REQUIRED ACTION:
The entries below are to be restated exactly, and their images are to be omitted.

RECORD EXCERPTS:
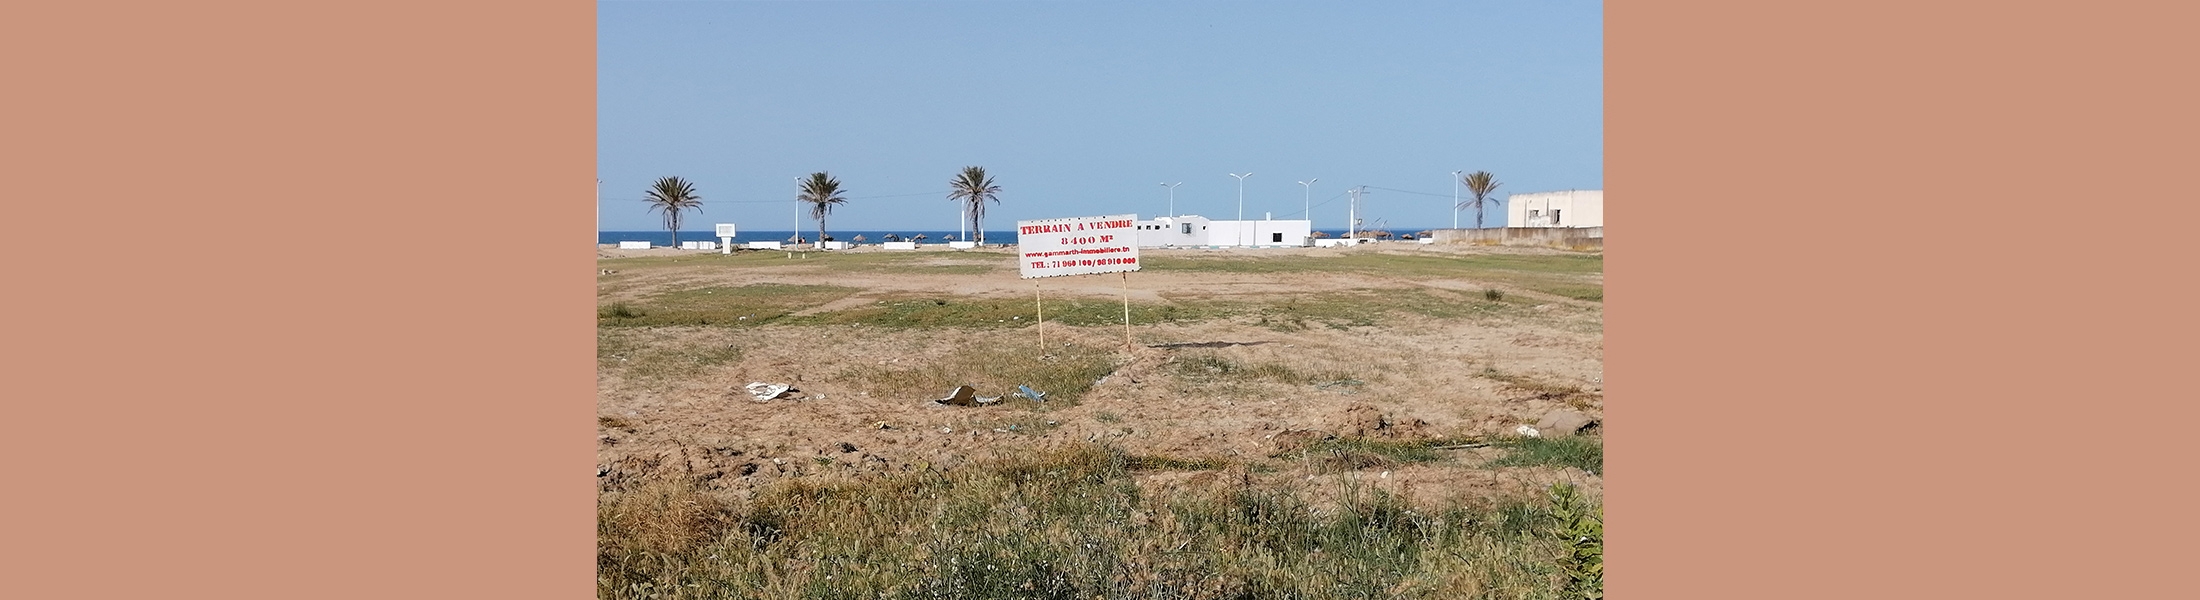 قطعة الأرض رواد الشاطئ برواد - اريانة (طلب العروض عدد 03 لسنة 2022)
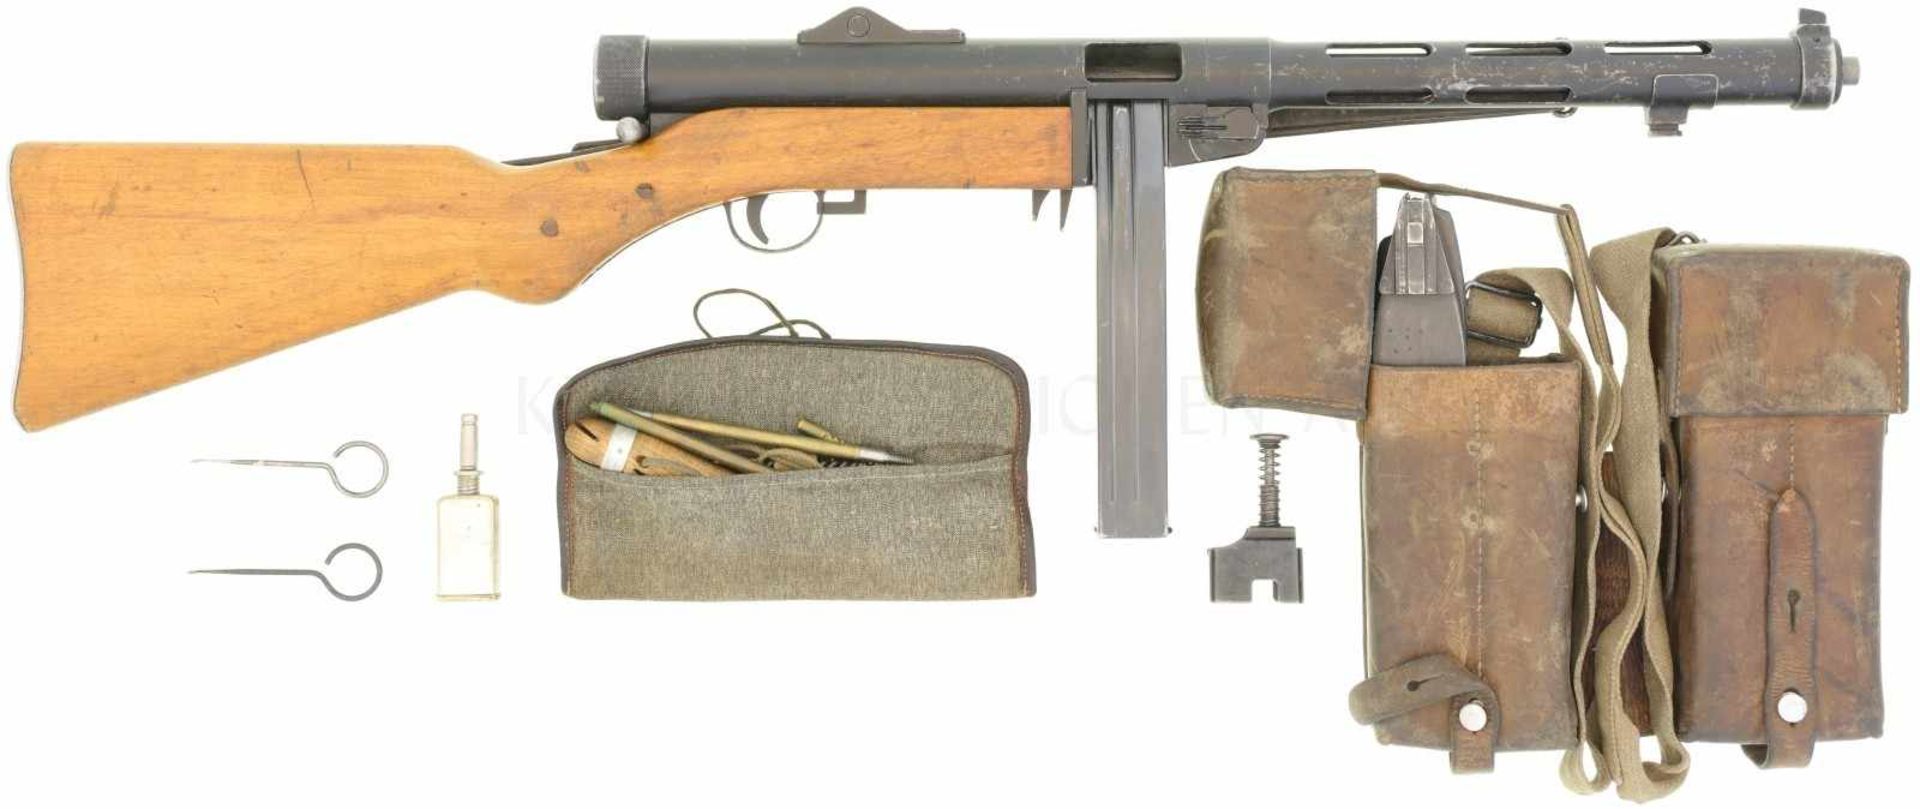 Maschinenpistole, Hispano Suiza, MP 43/44, Kal. 9mmP
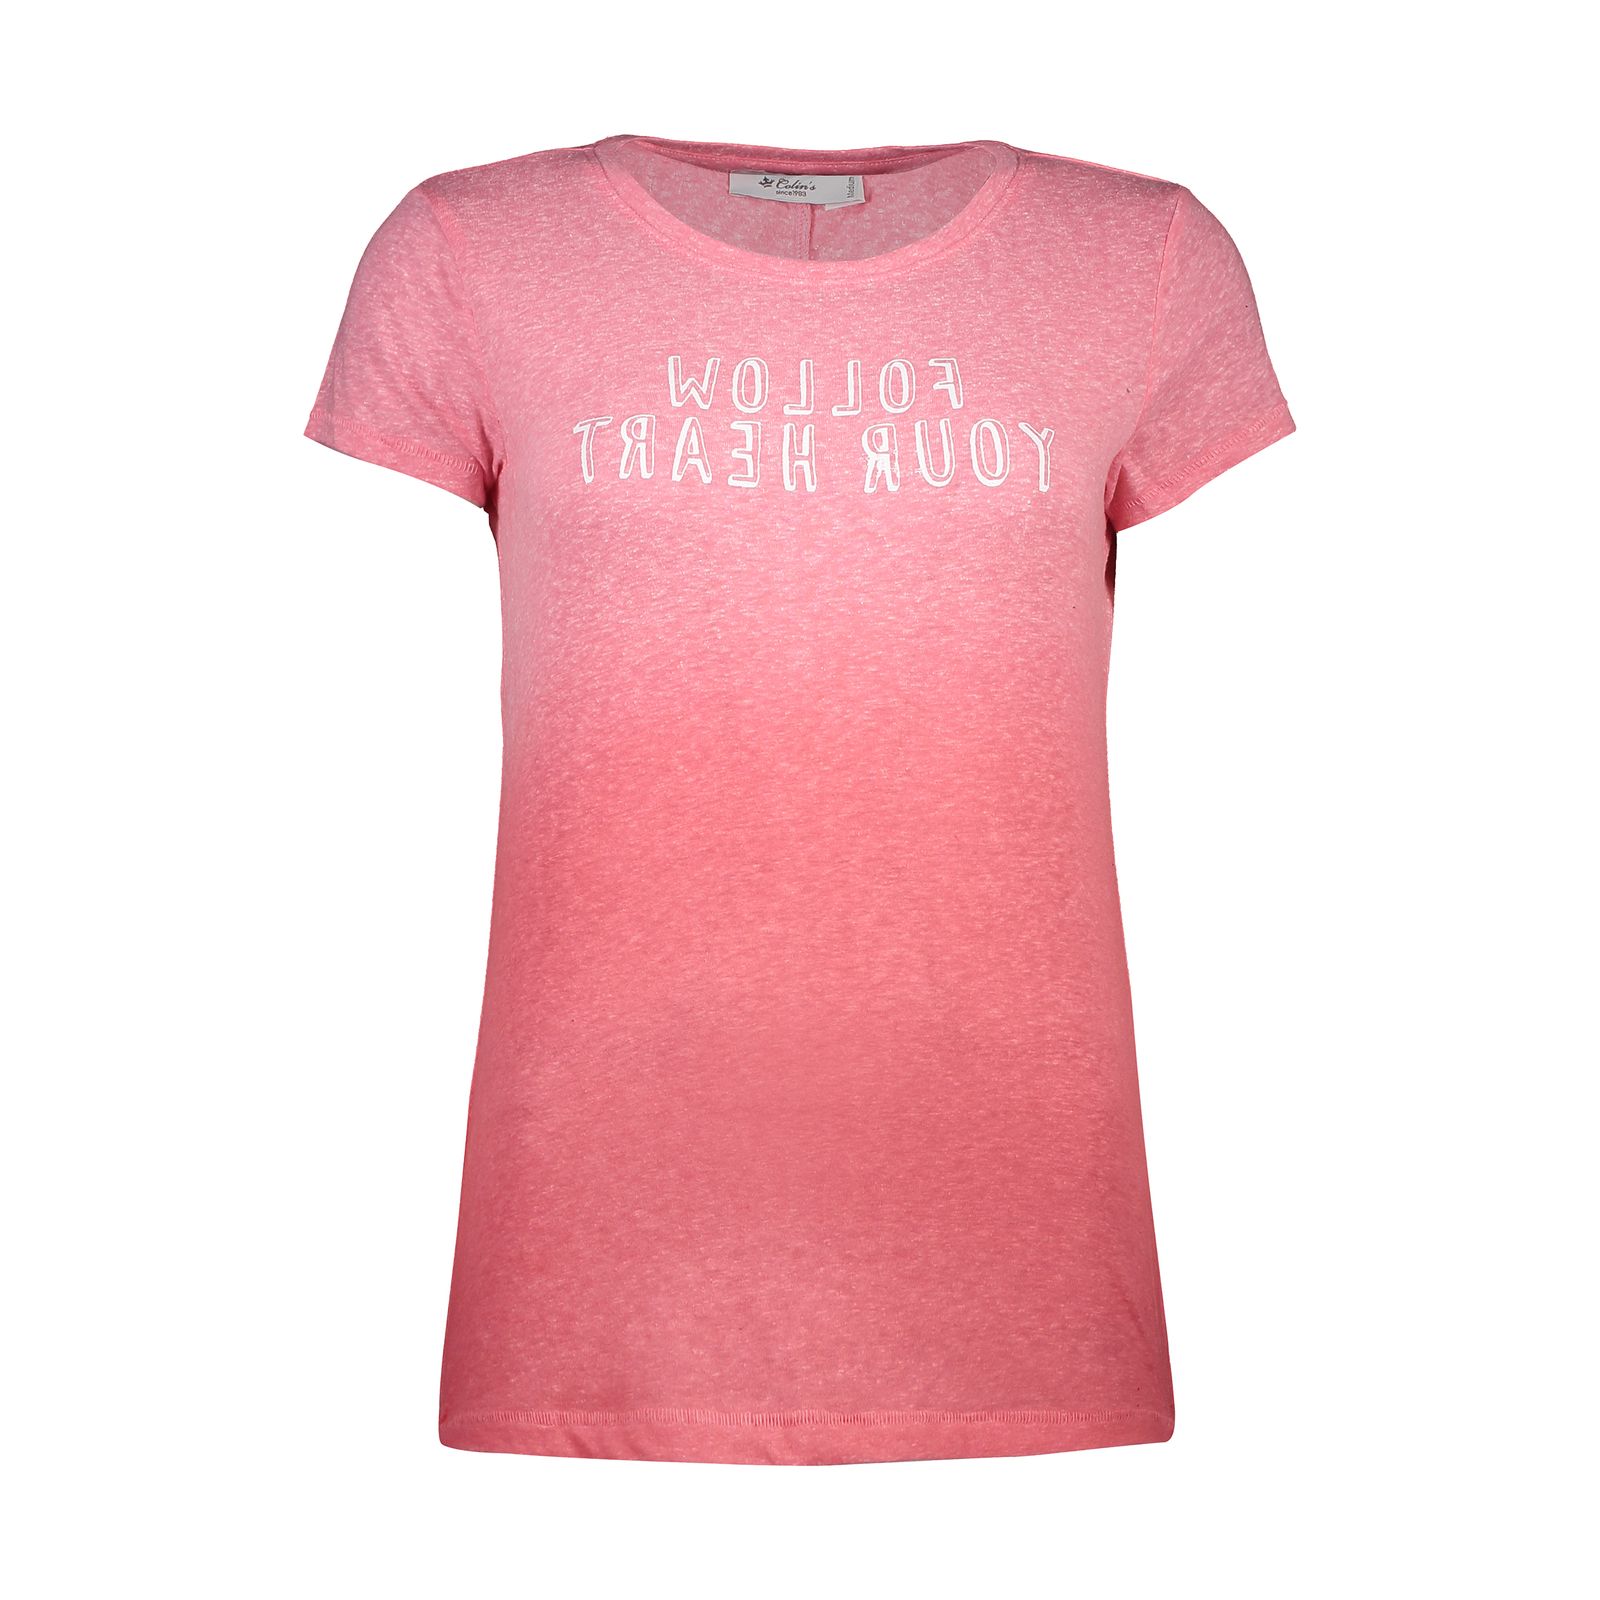 تی شرت زنانه کالینز مدل CL1031616-PINK MELANGE - صورتی - 1
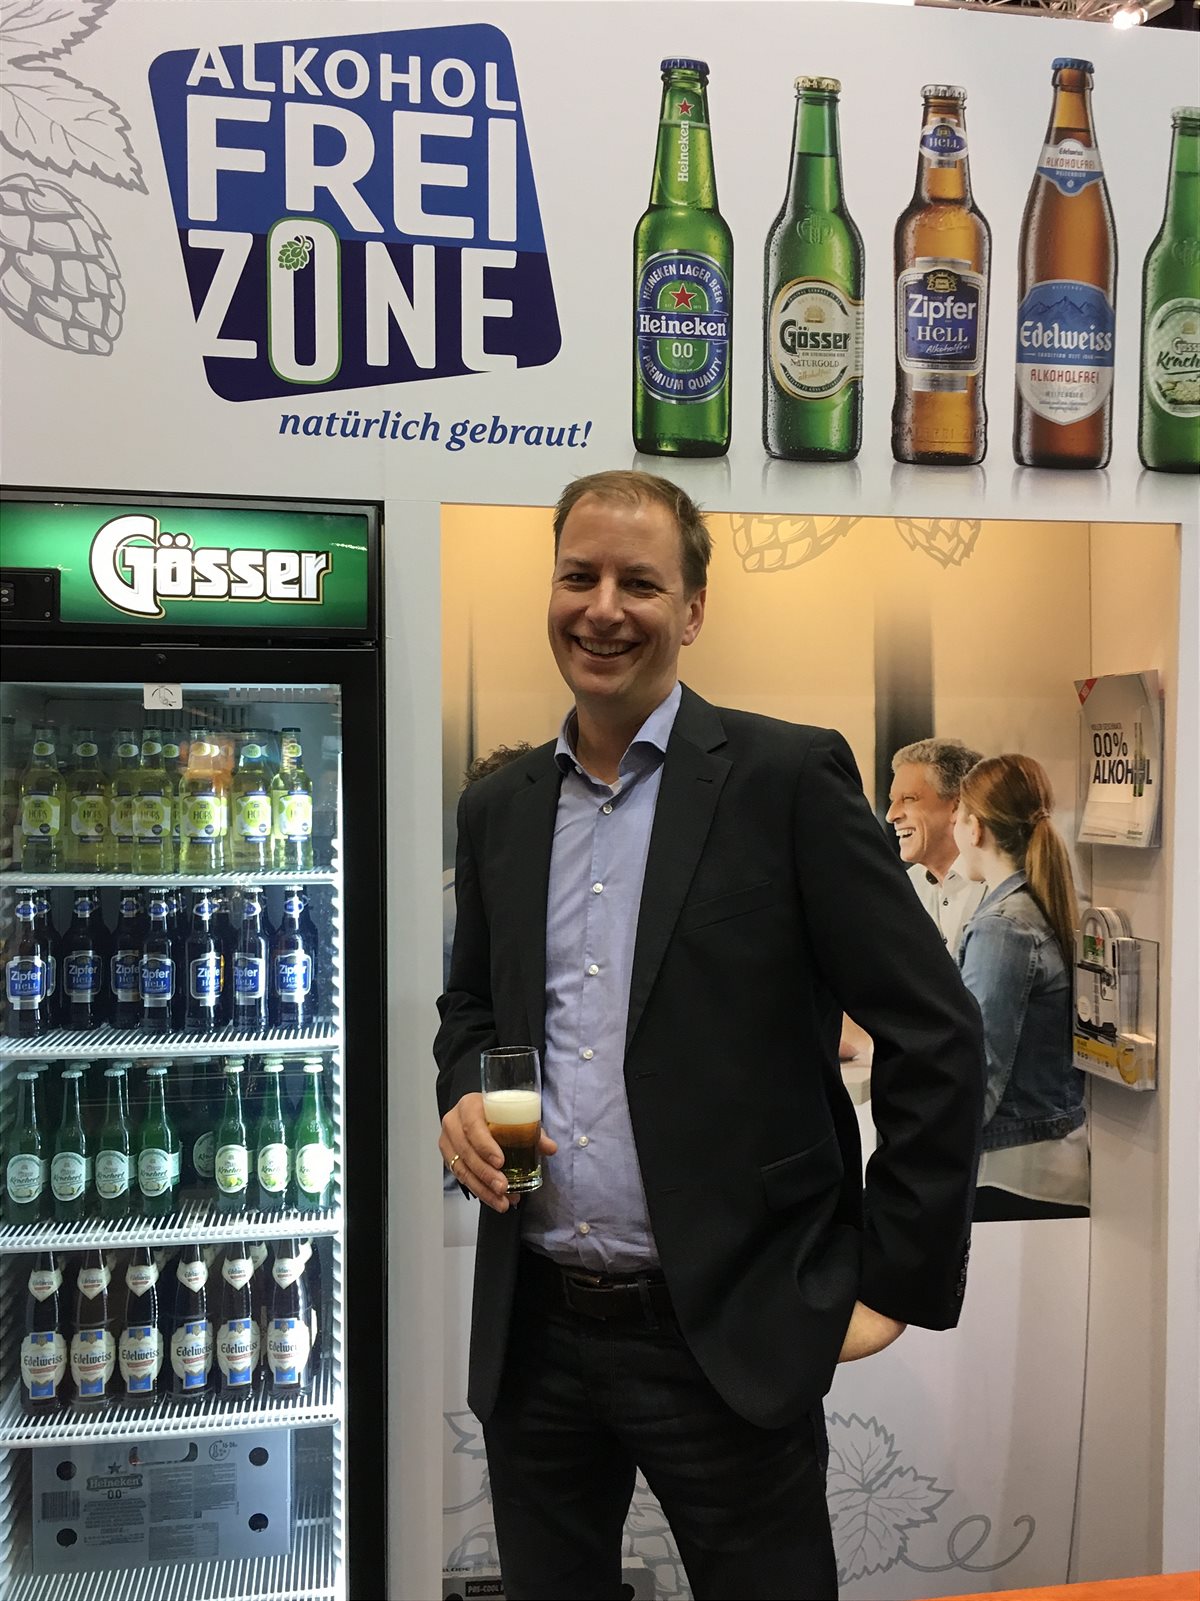 Magne Setnes, Vorstandsvorsitzender der Brau Union Österreich, sieht in alkoholfreien Bieren Wachstumspotenzial am Markt.
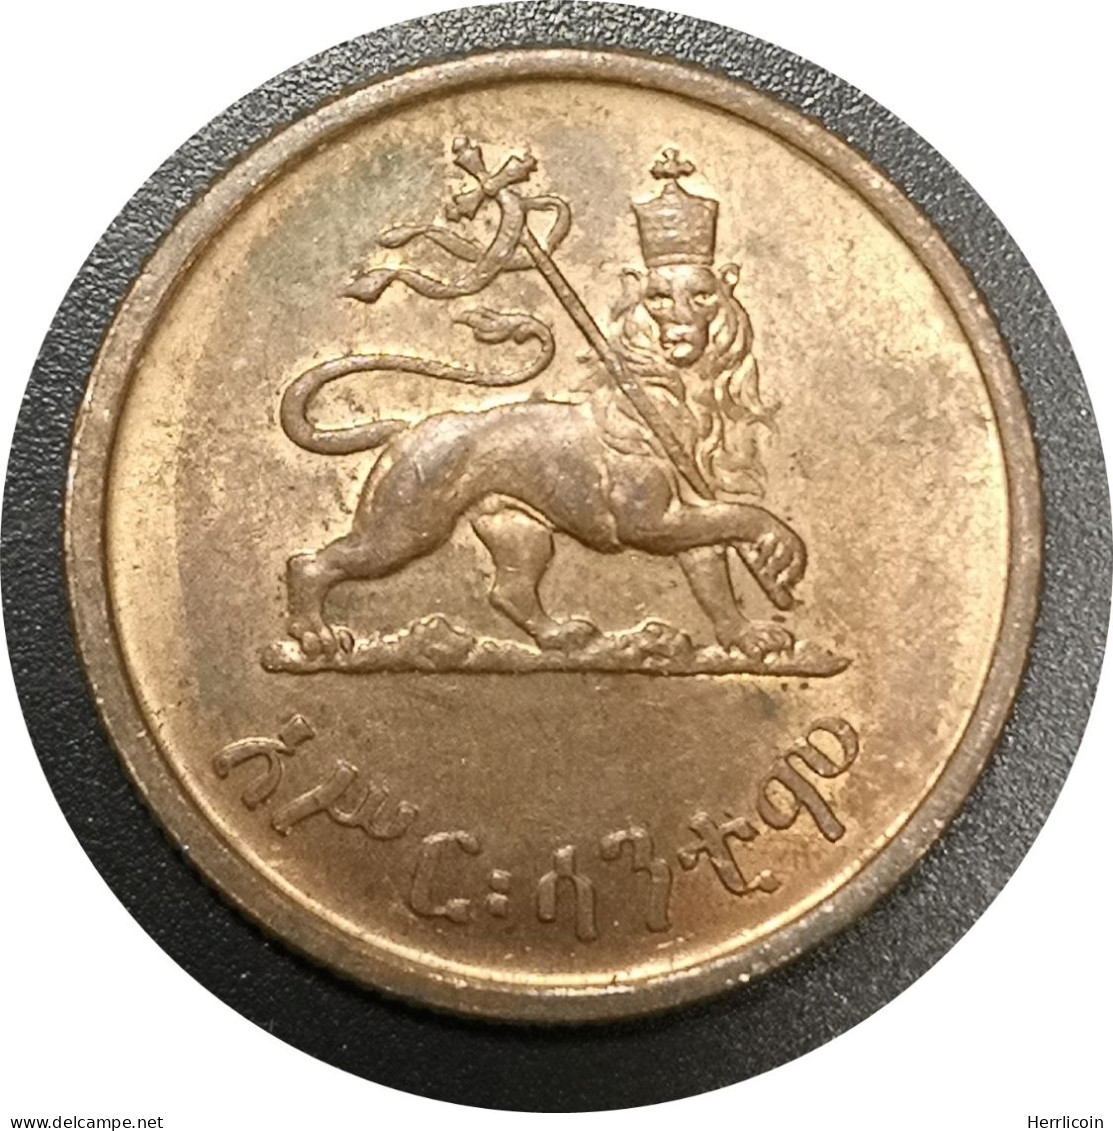 Monnaie Ethiopie - 1936 (1945 - 1975) 10 Santeem - Hailé Selassié I - Ethiopia

ANSWER SECTION:
 قطعة الأرض رواد الشاطئ برواد - اريانة (طلب العروض عدد 03 لسنة 2022)
 Maschinenpistole, Hispano Suiza, MP 43/44, Kal. 9mmP
 تی شرت زنانه کالینز مدل CL1031616-PINK MELANGE - صورتی - 1
 Magne Setnes, Vorstandsvorsitzender der Brau Union Österreich, sieht in alkoholfreien Bieren Wachstumspotenzial am Markt.
 Monnaie Ethiopie - 1936 (1945 - 1975) 10 Santeem - Hailé Selassié I - Ethiopia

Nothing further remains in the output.